Project “W” Second Jump Results

“Knowledge is the death of research” – Walther Hermann Nernst, Chemist

12.04.yc118 J163408 < E-C00264 < Region E-R00026

Rather than lead you through the data analysis of Phase II, let’s cut to the chase and reveal the results.

The null hypothesis: Based on region, known wormhole types are randomly connecting to other regions of space within the known expected distribution by type to the destination region using a significance level of 0.05.

Conclusion based on Phase II data: Since the p-values are greater than the significance level of 0.05, we accept the null hypothesis. The observed distribution is from the same population as the expected distribution.

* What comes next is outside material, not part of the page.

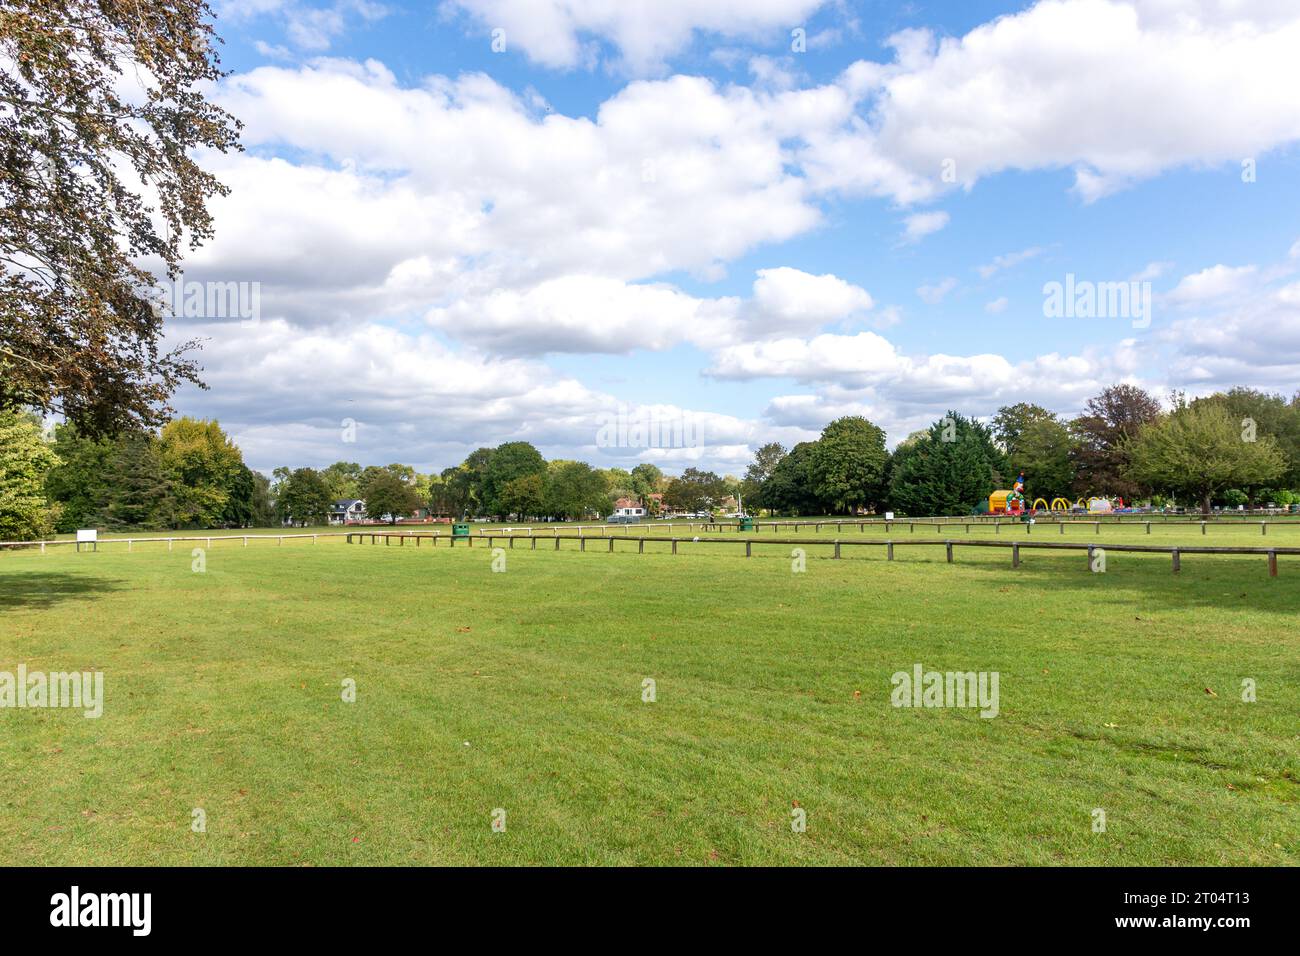 Runnymede Pleasure Ground, Runnymede, Surrey, Angleterre, Royaume-Uni Banque D'Images

TLDR: Known wormhole connections are equally random.

Phase II

Project Coordinator: Katia Sae
Project Liaison: Merkato Cesaille
Technical Lead: David Louis
Project Specialist: Ashlar Maidstone, Soul Darkshade
Research Team: Forcha Alendare, Alek Azam, Lucas Ballard, Triffton Ambraelle, enkidu nagata, Sanibel, Lucas Ballard, Mushroom Greene, Theo Fugger, Caleb Wolfram, Akatsuki Hikage, Pileto, Mako Koskanaiken, Earthling Jaer, Vladimir Gengodov, Gorgan Fullsail, Caille Sinclair, Jen Outamon

Read on if you’re interested in some of the details. I’ll specifically target our exceptions from Phase I.

Presentations

Check out these post for more information about Project “W”, how it came about, and the Phase I results.

Get on with it!

From September to the end of November yc118 (2016), there were a total of 15,305 connections observed. From that data set, I used the known connection types for the analysis which gave me a total of 4,902 connections to analyze. Compared to the 300 connections from Phase I, we increased our sample size by a factor of 16.34. With this data set, we were able to meet the following conditions of the Chi-square Goodness of Fit test as follows:

  • Sampling method is simple random sampling. Our observed connections are equally likely to occur in our expected destination population (Regions). Passed.
  • Variable under study (connection type) is categorical (Regions). Passed.
  • The expected value of the number of sample connections in each level of the variable is at least 5. Passed.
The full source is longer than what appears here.